EXERCISE DIRECTIONS
Write out the full set of records exactly. Any pictures in them do not belong in the copy.

RECORD EXTRACTS
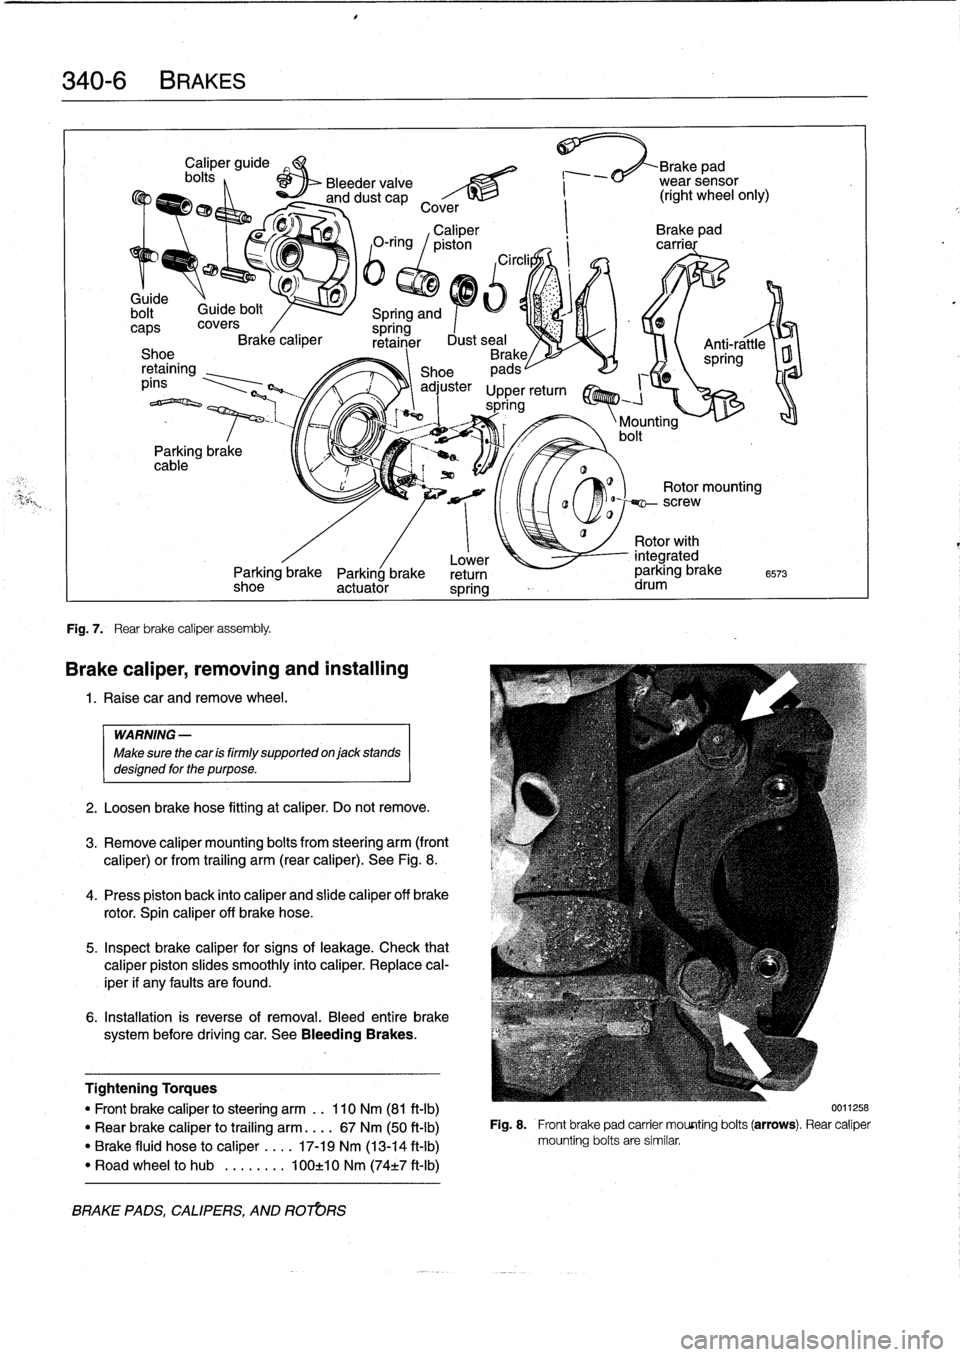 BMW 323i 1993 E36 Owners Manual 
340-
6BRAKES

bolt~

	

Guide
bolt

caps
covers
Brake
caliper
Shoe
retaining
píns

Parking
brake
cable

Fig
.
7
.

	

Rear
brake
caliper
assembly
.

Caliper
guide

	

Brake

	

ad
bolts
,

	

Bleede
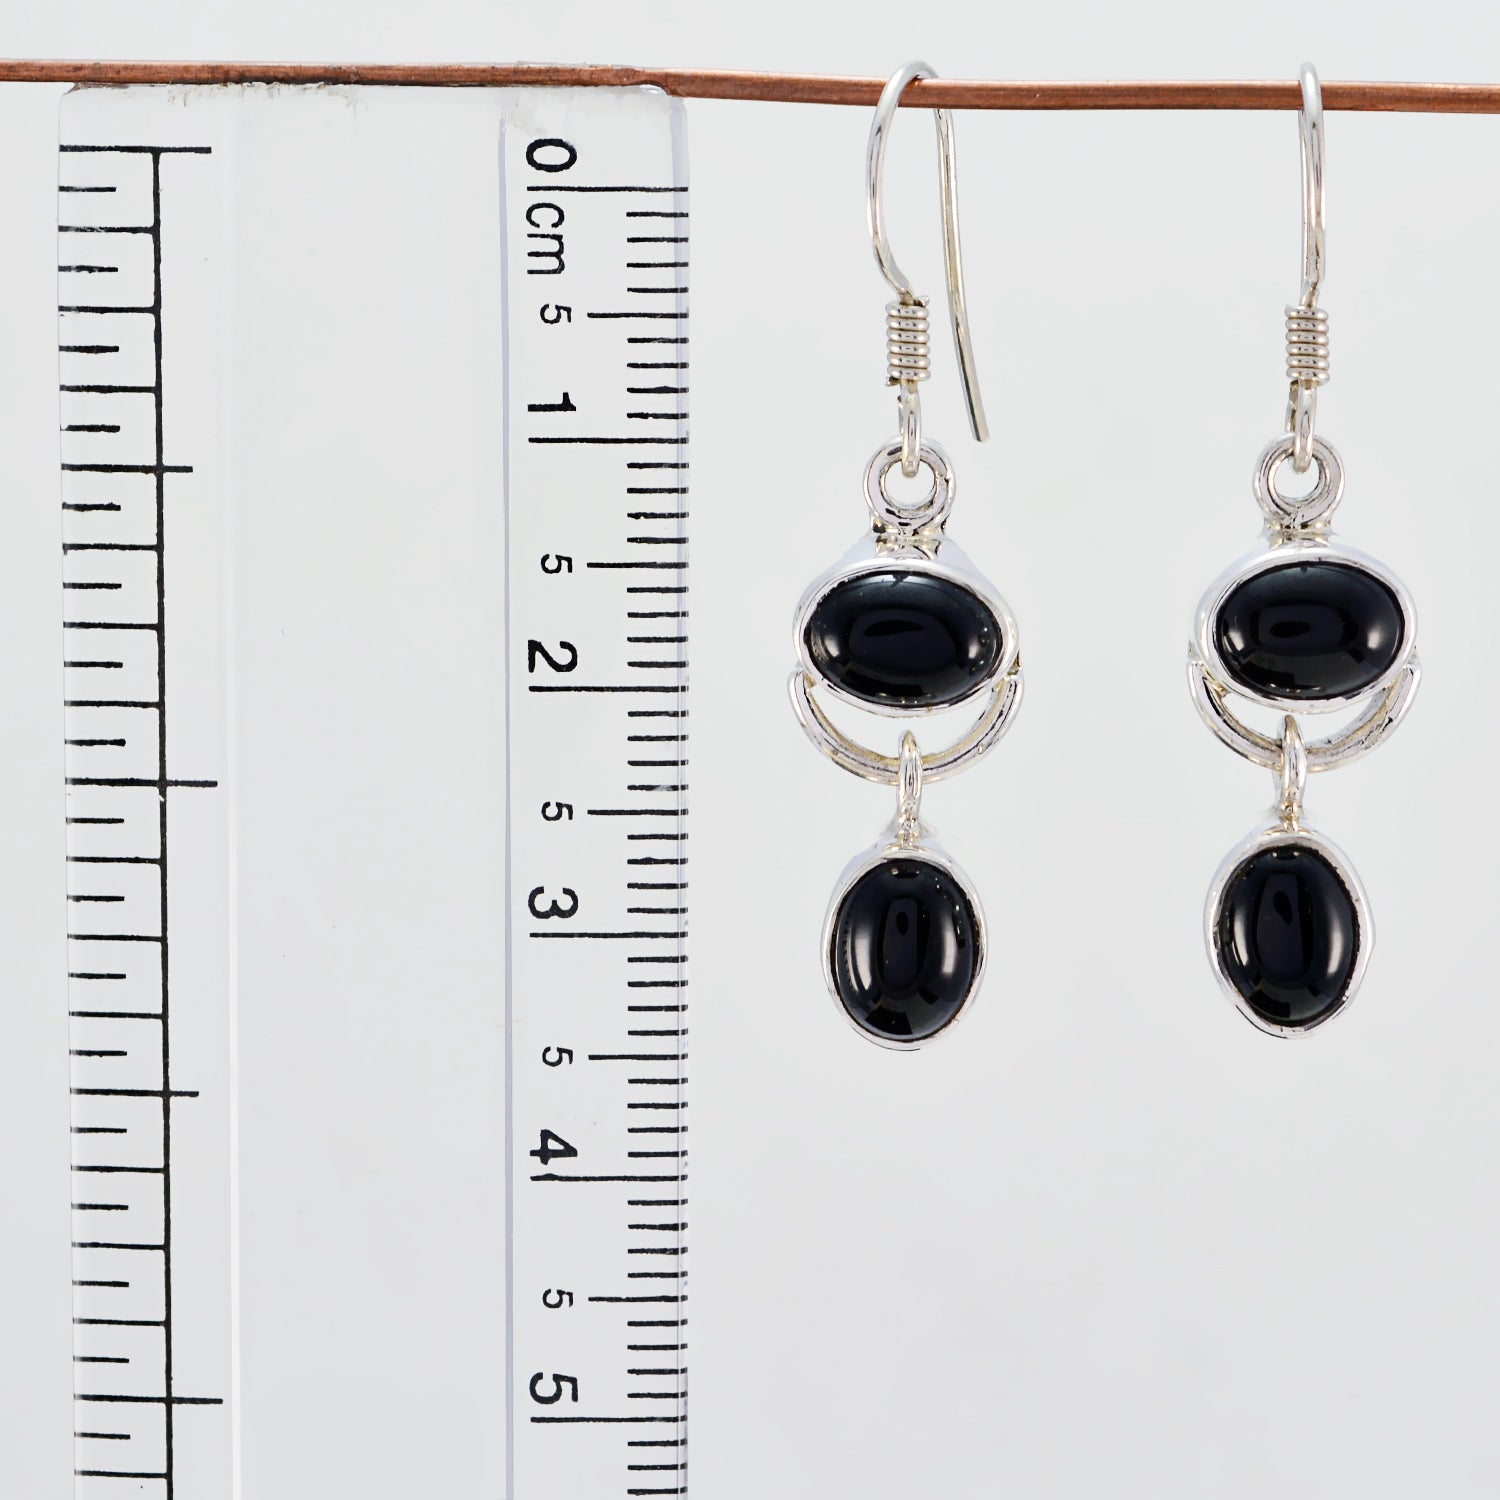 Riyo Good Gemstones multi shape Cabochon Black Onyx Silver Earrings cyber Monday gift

RESULT OF THE TASK
 BMW 323i 1993 E36 Owners Manual 
340-
6BRAKES

bolt~

	

Guide
bolt

caps
covers
Brake
caliper
Shoe
retaining
píns

Parking
brake
cable

Fig
.
7
.

	

Rear
brake
caliper
assembly
.

Caliper
guide

	

Brake

	

ad
bolts
,

	

Bleede
 Riyo Good Gemstones multi shape Cabochon Black Onyx Silver Earrings cyber Monday gift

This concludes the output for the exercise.